この秋は在原神社と龍田川を回るのもオツかも。考えてみよう。また古典も読もうっと。


椹野道流

「最後の晩ごはん 旧友と焼きおにぎり」


ご当地もの楽しいライトホラー第6弾らしい。このシリーズは1、2、5、今回6と飛ばし飛ばしに読んじゃってるので3、4の展開にしばしついていけなかったりする。最新巻に追いつくのはいつのことやら(笑)。


スキャンダルで芸能界を追われた五十嵐海里。地元兵庫の芦屋で定食屋を営む夏神留二に拾われ、今は料理の修行を積んでいる。海里と、元は眼鏡で人の姿になれるロイドには霊感があった。海里の兄の親友で刑事、仁木の元に独り暮らしの版画家、西原茜音から家に何かが潜んでいる気配がすると相談が寄せられ、仁木は海里とロイドを連れて山手の奥池に住む茜音の家へ様子を見に行く。


ロイドの霊感で人形を探し当て、その人形の願いを叶えるために海里が奔走する、という流れ。


今回は料理が中心の話ではなかったがこれまでの話の展開に乗った進行で、無理なく明るくすらすらと読めた。
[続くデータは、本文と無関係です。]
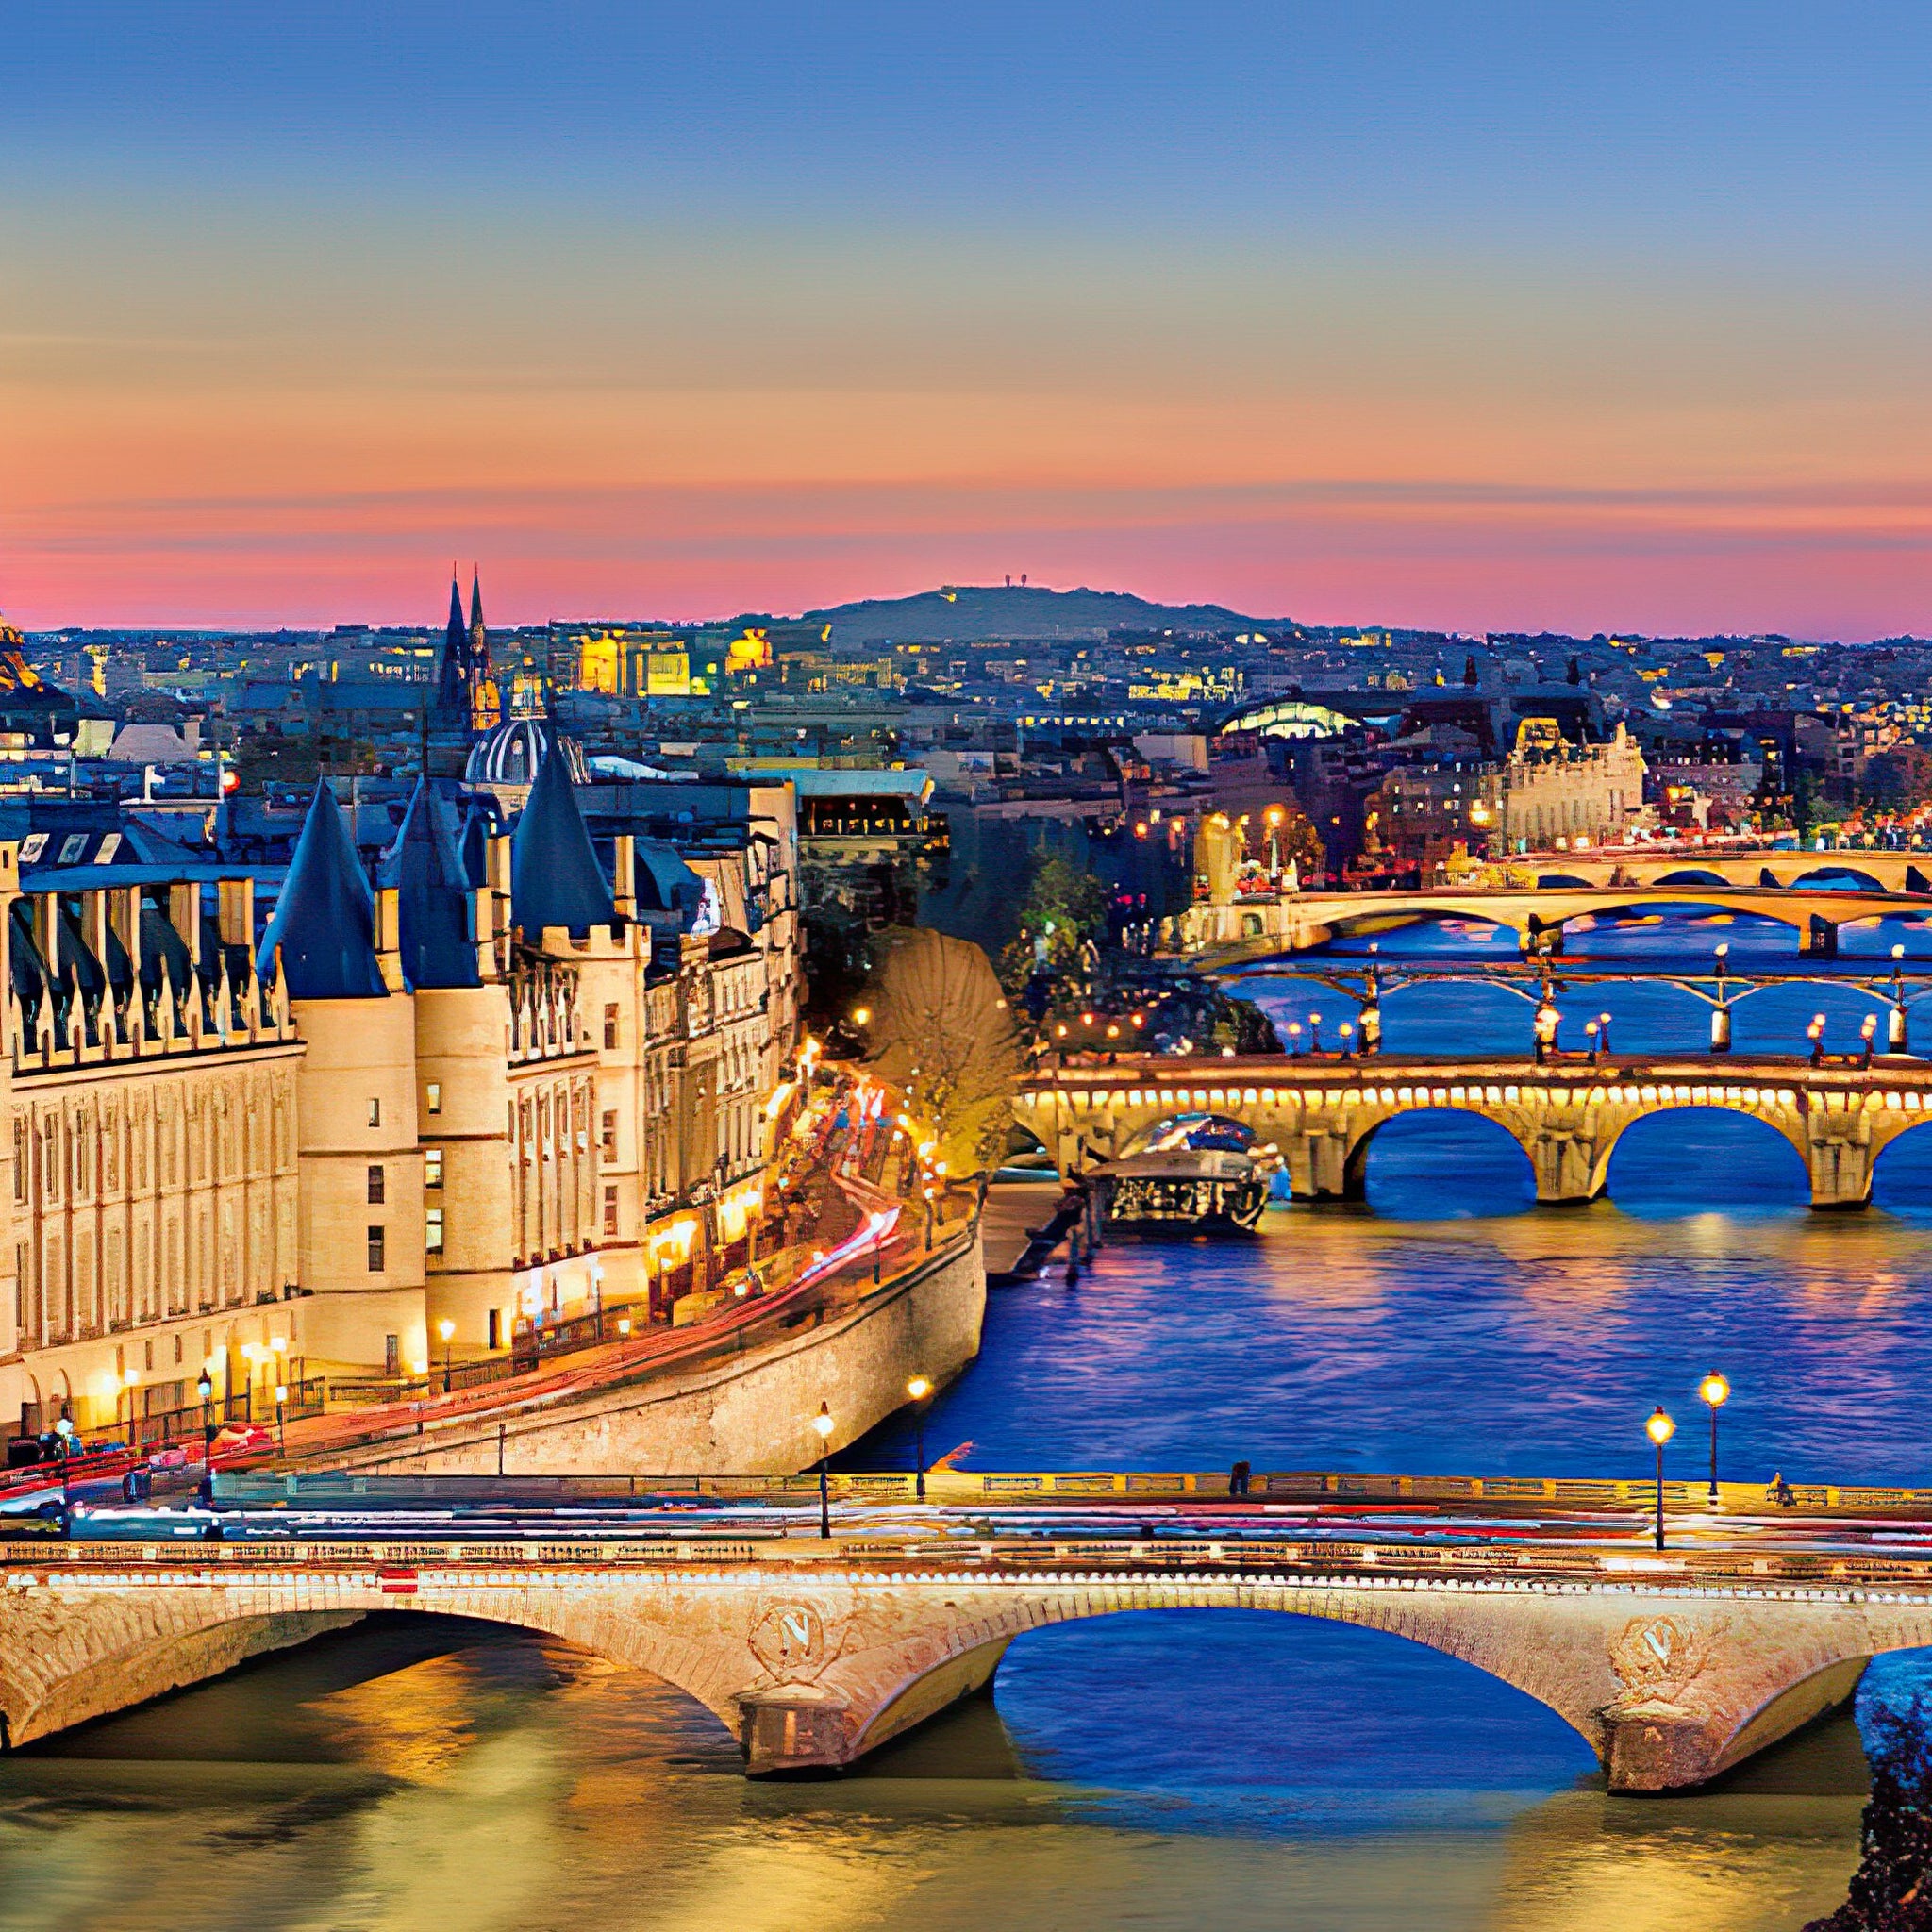 Beverly • Scenery • Seine River at Dusk　1000 PCS　Jigsaw Puzzle

焼きおにぎりの簡単レシピは作ってみようかな、という気にさせる。食事の合間に読むとお腹が鳴る。


奥池というのもまた地元民の眼を引く。高級住宅街でなるほど別荘として買ってる家もあるだろうな、という感じだ。阪神、大阪と神戸の間は海と山との間にある平地が狭く、山手へ行くほど高級とされる。


茜音は夢の中である少女と出会う。ちょうど夢での出逢いがキーになるラブストーリー、ベルリン映画祭金熊賞のハンガリー映画「こころと体と」を観たとこだったので、不思議な暗合に胸が踊った。


のほほんと読めるラノベシリーズ。読んでるとそれぞれのキャラが抱える事情を小出し生かしてうまく進行させてるなと思う。


ご当地ものとしてホントに楽しい。展開が気になるしまた読まなきゃね。


川端康成「浅草紅団・浅草祭」


昭和初期の浅草の混沌とした雑多な雰囲気を書き下している。ちょっと破綻ぎみ?


著者は浅草を題材にした小説をものそうと、路地の奥にある長屋を借りようとする。そこで会った美女・弓子は、男に捨てられ気のふれた姉の相手、赤木を探し当てて紅丸という舟に誘い込む。そしてー。(浅草紅団)


上記のストーリーは最も目立つところをシンプルに書いただけで、実際はかなり雑多、取り上げる男女も次々と変わり、ドキュメントタッチで描いている。あくまで著者は傍観者の立場である。


関東大震災の余波まだ見える頃の浅草は様々な老若男女が入り乱れ生活する異空間のような、掃溜のような場所だった。売春、芝居、怪しい見世物小屋、少女を食い物にするジゴロ、女衒のおばさん・・。紅団は不良グループのようなもので、秘密の札があり、赤い札は危険を報らせる信号、青い札はカモを引っ掛けたサイン、というのもある。


色々な底辺の者たちの表情が断片的に語られる。会話も、正直なんのことを言っているのか判別しにくく、読むのに時間がかかった。


「浅草紅団」に続く「浅草祭」では6年の月日が流れ、警察は一帯の「浄化」を進めている。昔の風情を引きずりながらもすでに大きく変わりつつある浅草。


川端康成はこの中で「紅団」は下らない作品だったと自ら断罪している。とか言いながら、「浅草祭」でも人間模様をだらだらと書いていて、変わらずに結構楽しんでるんじゃないか、と思わせる。一高、東京帝大時に通っただけあって強い愛着をうかがわせる。


川端康成は昭和2年に「伊豆の踊子」が刊行され、この作品は昭和5年刊行。踊り子の完成度を考えると、断片な性格を持つためか下らない、という気持ちも分かるかも。実験的作品だったのではとも思える。新進作家がドキュメントタッチで浅草をレポートする「紅団」は世間の評判を呼んだようである。


私にとっては、また新たな一面というか、さらさらと読んできたこれまでの作品に比べてやはり違和感はあったかな。精度を高めようとすれば出来たような気もするし。やはり多少老成した時期のほうが好きかも。